Basics of Cutting Brake
Cutting brakes are a system of levers, switches, or pedals that allow you to lock up individual brakes in order to stop one wheel and then use the other wheels to drive the vehicle, thus pivoting around that locked wheel. The result is a tremendously tight turning radius, and they can be implemented in a variety of ways.
One thing to be extremely careful with is using cutting brakes at high speeds and on the street, as it can have deadly consequences.
On many tractors the brake is divided into two pedals, one for the left rear wheel and one for the right rear wheel. If you need to stop, you step on both pedals at once. But if you want to turn really sharp, you step on one pedal and turn the steering wheel, and the tractor will spin around the wheel that is locked up.
When you want to turn sharply in your 4×4, simply engage a cutting brake for one of the rear wheels and this will let the front axle pull you around the turn. This works very well in a vehicle that either has a selectable rear locker and/or a transfer case that allows you to engage the front axle only. If you have a full-time locker in the rear like a Detroit, you need to engage the front axle only, otherwise the rear tires will drive through the cutting brakes. If you have a rear selectable locker like an ARB, Ox, or E-locker that gives you an open differential when unlocked, you can unlock the rear locker but still engage four-wheel drive when you use one rear cutting brake. This will send the power to the three unlocked wheels and you will pivot around the locked one.

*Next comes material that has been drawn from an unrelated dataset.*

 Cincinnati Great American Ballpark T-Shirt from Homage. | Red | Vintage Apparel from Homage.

In some situations you can achieve an even tighter turning radius if you can unlock the rear locker, put your transfer case in front-wheel-drive only, and lock the cutting brake on the rear tire opposite of the direction you want to turn. This will allow the inside rear tire to actually turn backwards as you pivot around the outside rear tire while your front tires pull you around. However, this maneuver often requires that you be pointed up a hill, and you must let the front tires spin and actually lose traction so you can slide back around the locked tire.
Another option is to use cutting brakes as a cheap traction tool. Say you have a cutting brake at each rear wheel, but you do not have a locking differential. You could be driving up a hill and one rear and one front wheel start to spin until you stop moving forward. By applying the cutting brake to the spinning wheel, the open differential will send power to the other wheel, and if it has traction it will begin pulling you up the hill. This is sort of a poor man’s traction control.

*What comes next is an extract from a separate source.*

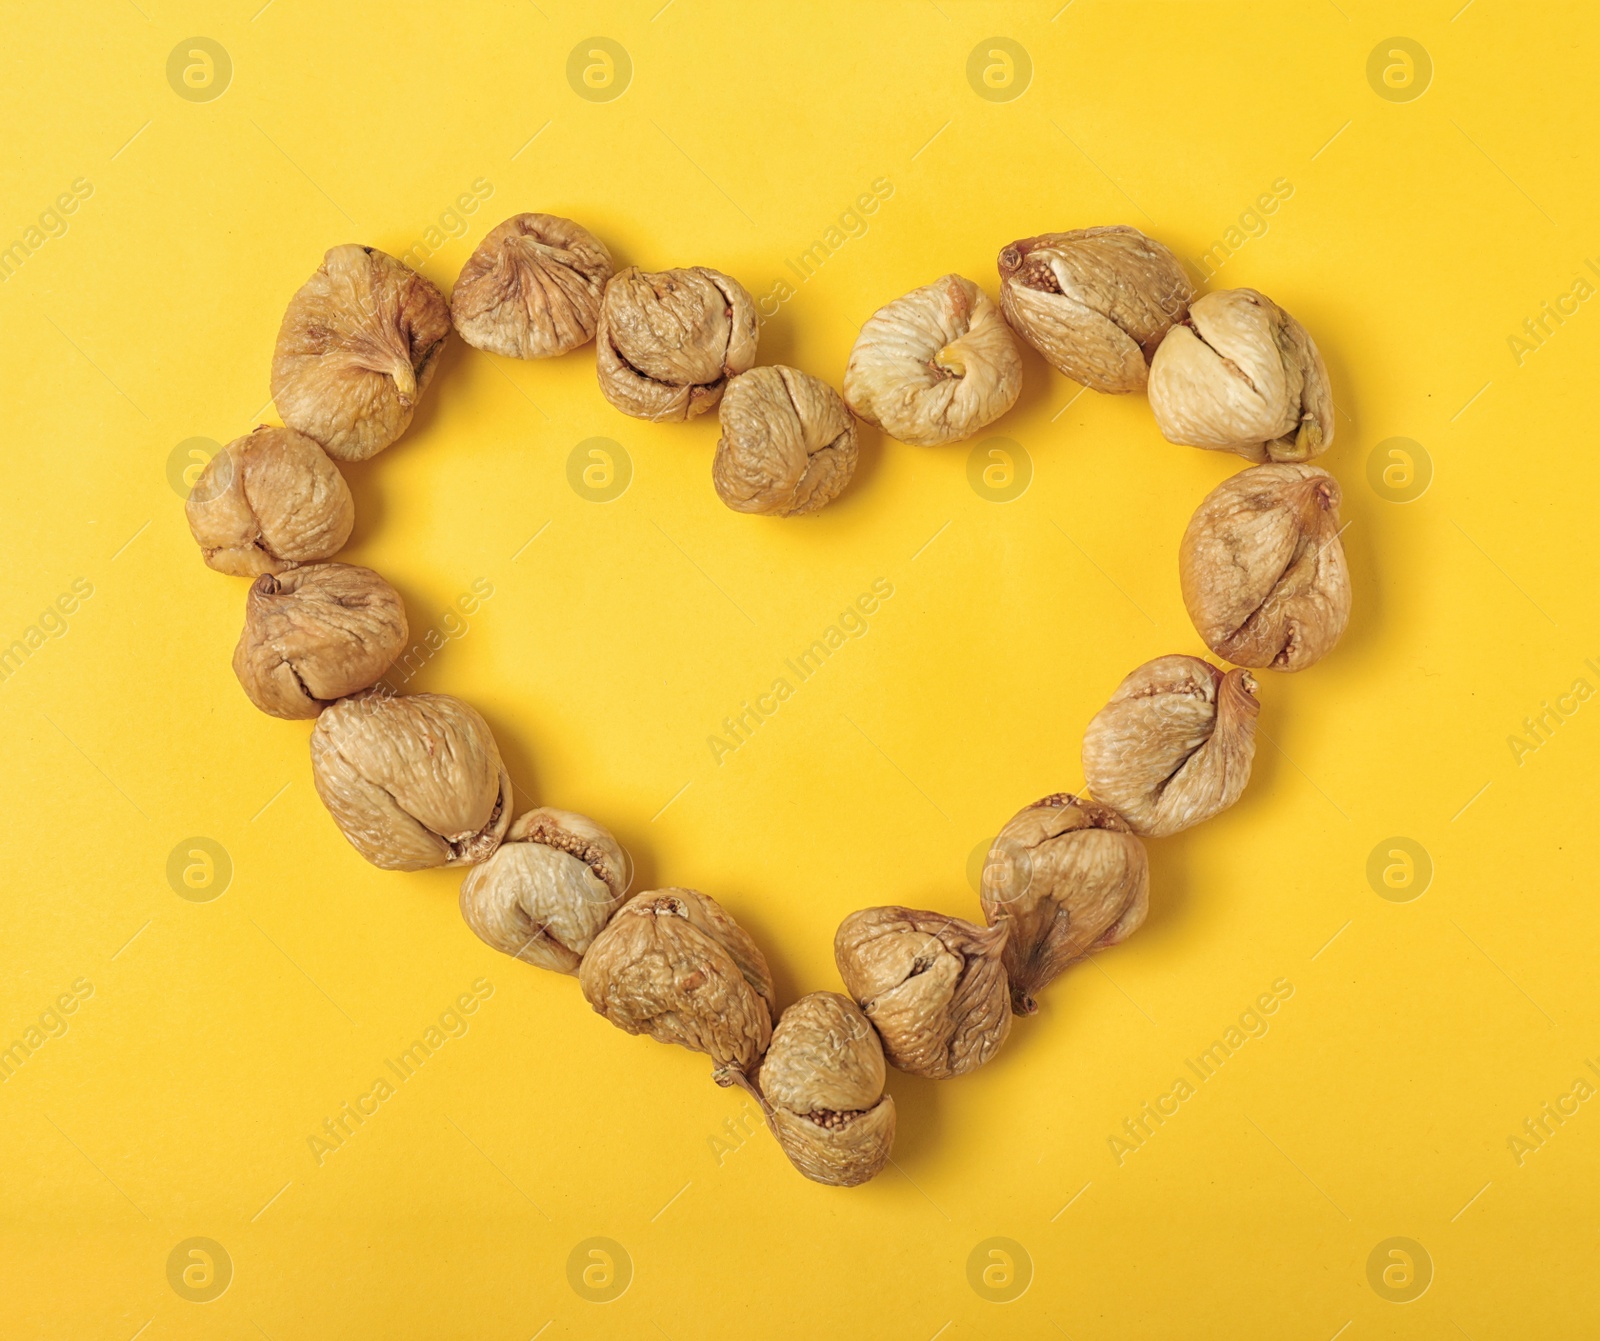 Photo of Heart shaped frame made of dried figs on color background, top view with space for text. Healthy fruit

Of course placement of the lever needs to be easy for the driver to reach. Many buggies have them mounted between the seats, between the driver’s legs, or between the driver seat and the sidebars.
Another cool trick we’ve seen is using a line lock (also known as a roll control or roll stop) such as this one. It can be plumbed right on the axle and is activated either electronically or by switching a valve. Simply step on the brake pedal to apply the brakes, flip a switch that activates a solenoid, or close the line-lock valve-depending on the design you’re using-and it holds the pressure in the wheel cylinder to lock the wheel.
We have also seen trail-rig builders taking tricks from the tractors by putting dual brake pedals in their rigs. This allows them to lock either the front axle or the rear axle. Locking both brakes on the axle still helps in doing tight turns with the front axle driving only (commonly referred to as a “front dig”), but not as well as locking each individual corner.